Get to know AV, the London UK drill producer who has had a milestone year, making music for artists including Digga D and LD

“Never!” AV beams when asked if he ever expected he would work on a No.1 album. It’s just a matter of days since Digga D’s ‘Noughty By Nature’ hit the top spot in the UK Albums Chart when he speaks to DJ Mag, with AV collaborating with Gotcha on ‘Amelia Amelia’ from the tape.

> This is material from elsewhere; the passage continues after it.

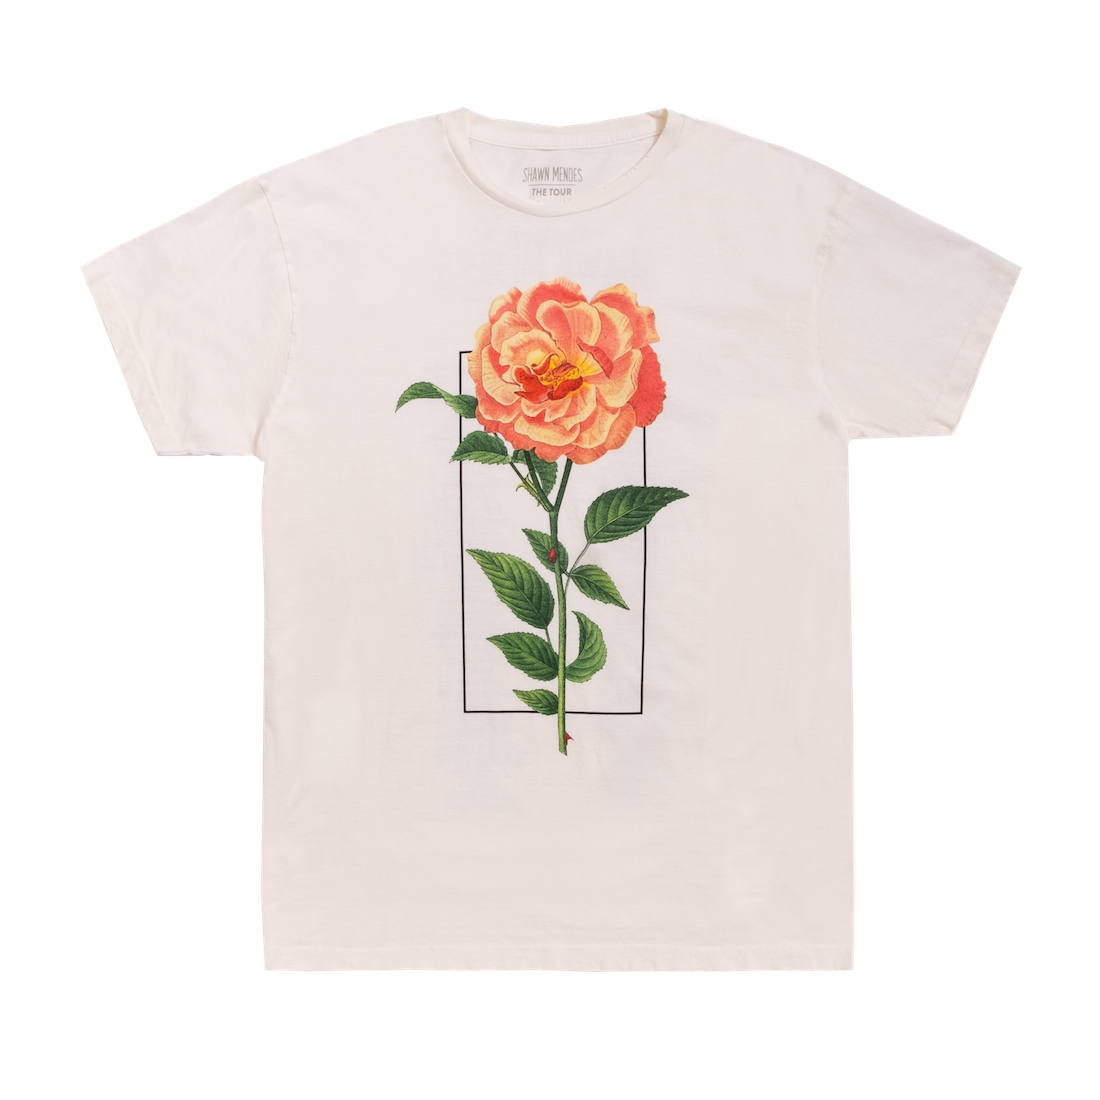 TOUR T-SHIRT II – Shawn Mendes | Official Store

It’s a major milestone in what has been another big year for the South-West London producer, with AV also working with the Godfather of drill, LD, on his January release, ‘Daily Duppy’.

Real name Jamal Richards, AV is equally adept at delivering the harder-edged UK drill sound of that track — and releases like the AV, Gotcha and Ghosty produced ‘Shinobi’ by Obladaet — as he is an R&Drill beat or the more melodic instrumental of Billy Billions’ ‘Murder On My Brain’. “My main thing, as a producer, is to branch out and [work on] new types of sounds,” he explains. “You have to delve deep into different types of music or work with different people. And I love working with people outside the genre. Collaboration is so important to me.”

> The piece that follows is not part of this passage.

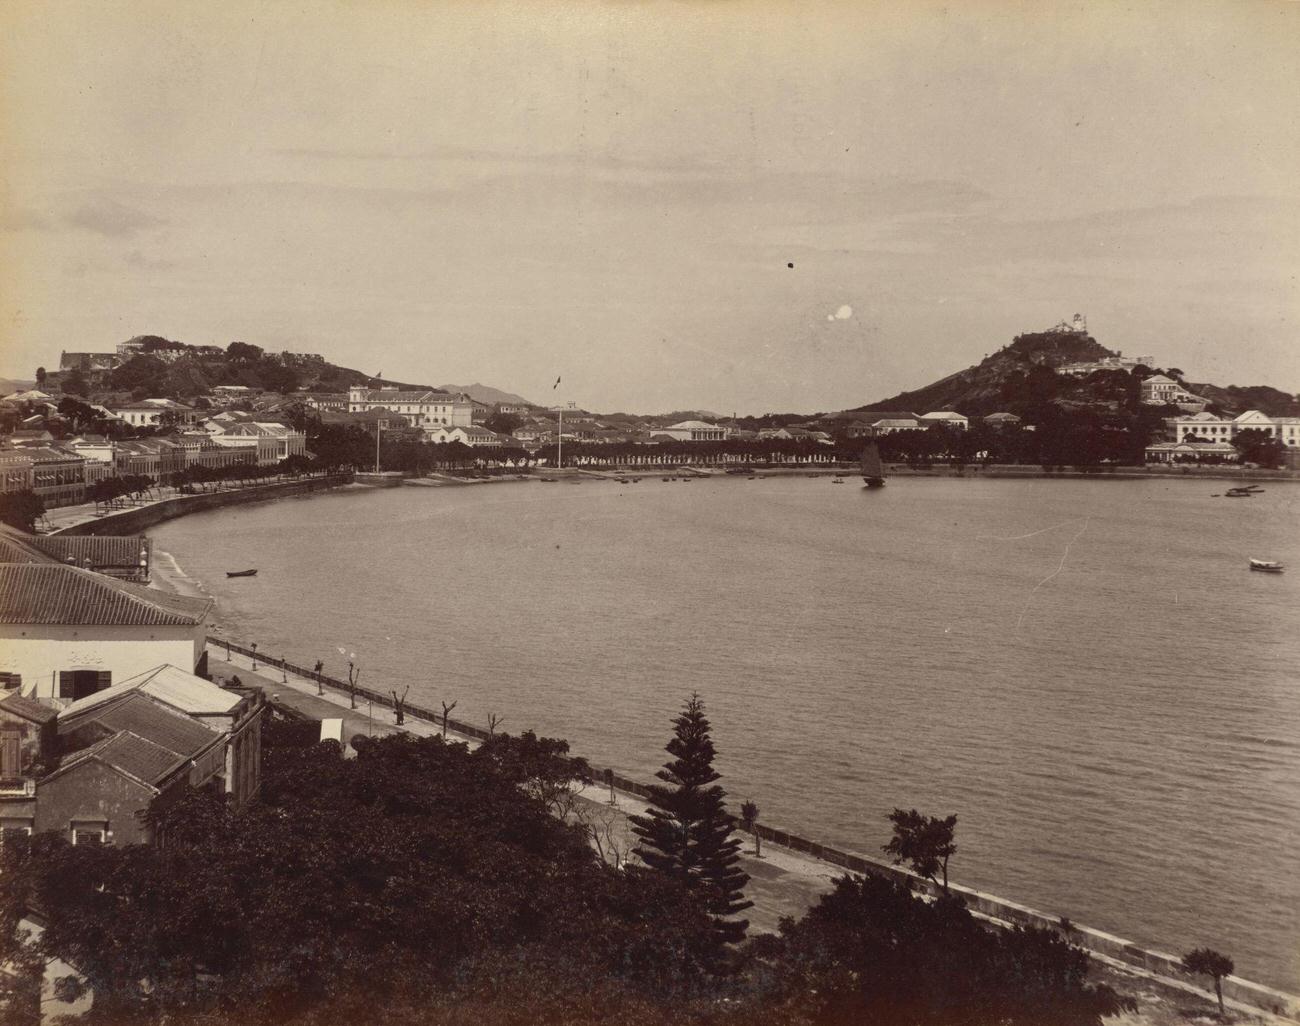 Macao, Attributed to John Thomson, 1870s

Through doing this he has built a supportive network of producers around him, with his release schedule and Instagram account showing recent production labs with Ghosty, Gotcha, X10, Hayze and many others. He says he feels those relationships can be even more important to a young producer than relationships with MCs. “Producers orchestrate the sound,” he explains. “And if you’re working with a lot of people, and they’re pushing the sound, you’re able to get involved and steer it in a way. Once you build your network of people around you, like an unofficial team, you work back and forth and share ideas, so everything else goes up. You elevate everybody else, the production goes up, then the artist has to step up as well.”

Richards believes that to succeed as a rap producer now, you need to be much more than just a beatmaker. “Music is the core part of it but it’s 20%,” he explains. “I always advocate for people to actually get out there and be in new places, because that’s when your beats will be needed rather than just sitting at home hoping if you send beats through to someone’s emails they’re gonna get on it.”

As well as his music production, Richards also works as an A&R at The Go 2 Agency, where he sets up sessions with artists and other producers, runs production camps and gets involved in the creative process with artists on things like videos. “I believe the best A&R is a producer,” he explains. “Someone like Dr. Dre — he’s like a big A&R. He identified the artist to bring into the studio, with writers, and other artists and engineers to create the record. I feel like that’s the most important thing to me. We’re missing a lot of that in the UK.”

So what would he say to people that say UK drill has died? “Drill’s not dead. It just went number one!” he enthuses. “People might not like where it has gone, but we can’t say it’s dead. Drill has evolved. The real drill that we knew isn’t the same drill that we’re listening to today. The market and demographic has evolved. There are people that will keep it original drill, but there are also people that will take a new light on it. I don’t know how much further it’s going to go here. Statistically you can’t go further than number one. But the genre itself is here to stay as people will keep changing it.”